Я молча отвожу взгляд. Как бы грустно ни было это признавать, но его слова не лишены смысла. Но ведь я дала слово Двойке. Неужели мне не удастся его сдержать?
– Но что если…
Старейшина прерывает меня легким взмахом.
– Я безмерно рад, что смерть посчитала тебя лишней в своем мире, но ты выглядишь крайне изнуренной. Тебе необходимо отдохнуть, а заботы о грядущем уделе le mur frontalier3 предоставь нам. Верховный жрец сопроводит тебя в твои покои, а завтра, если воля твоя тому не противится, он проведет тщательное исследование, дабы удостовериться в нерушимости твоего здравия.

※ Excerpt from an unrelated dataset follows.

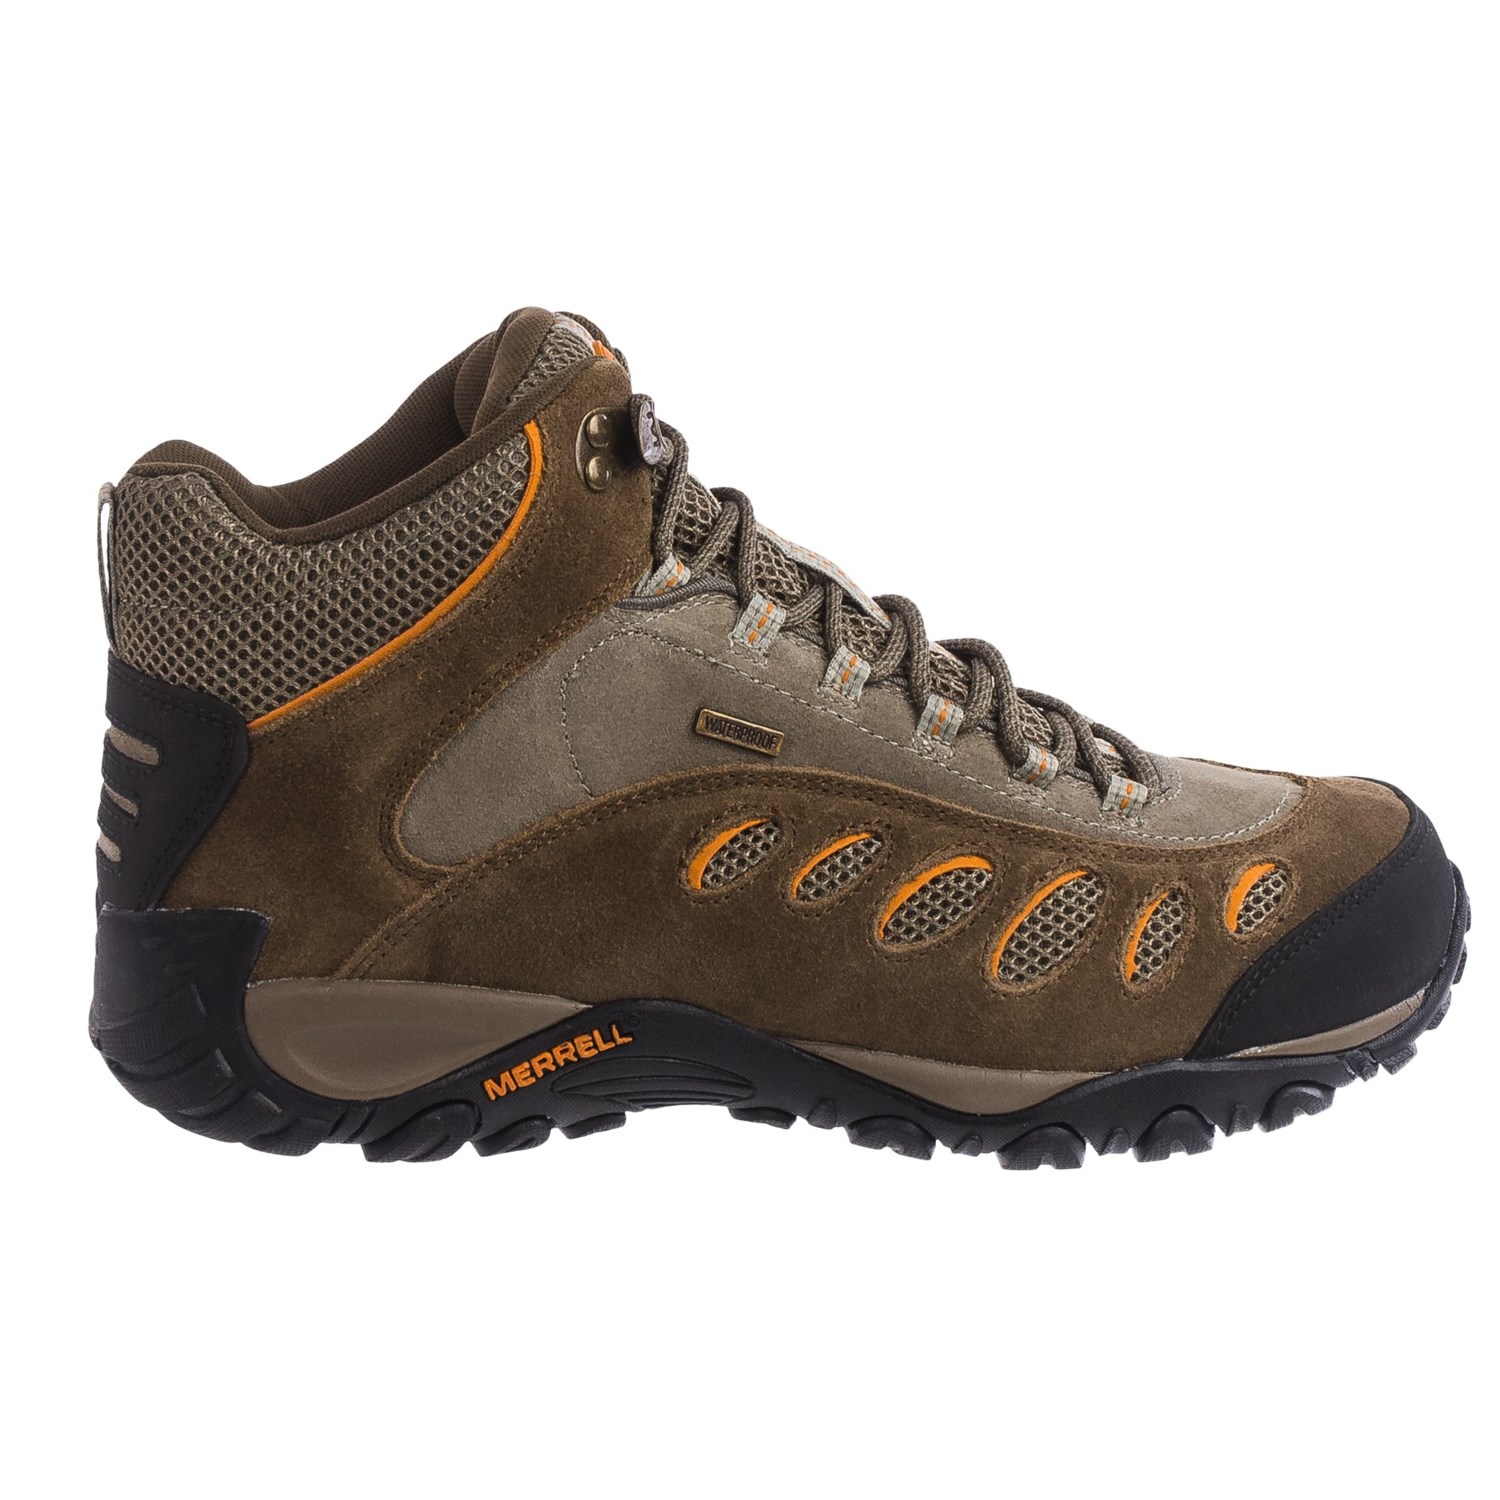 Merrell Yokota Pulse Mid Hiking Boots (For Men) - Save 45%

Нехотя соглашаюсь и под пристальными взглядами стражей направляюсь к двери. Мне не нравится, как они на меня поглядывают. Так, словно боятся меня или считают угрозой. С учетом обстоятельств, и то и другое оправдано, но крайне неприятно. Под мерный стук шагов, утопающих в тишине спящего поместья, Блэквуд проводит меня к моей спальне, но у двери замирает, еще раз оглядывая с головы до пят. Это начинает меня раздражать, и я решаю уточнить некоторые моменты завтрашнего дня.
– Почему Кристиан поручает мое обследование тебе, а не докторам сиринити?
Подобный вопрос заставляет его плечи напрячься, словно от неприятных воспоминаний.
– Полагаю, своей правой руке Старейшина доверяет больше, чем посредственным лекарям лазарета.
Ауч. Неужели у Верховного жреца зуб на представителей местного медицинского учреждения? Это наталкивает на определенные размышления, добавляя пару вопросов в мой список.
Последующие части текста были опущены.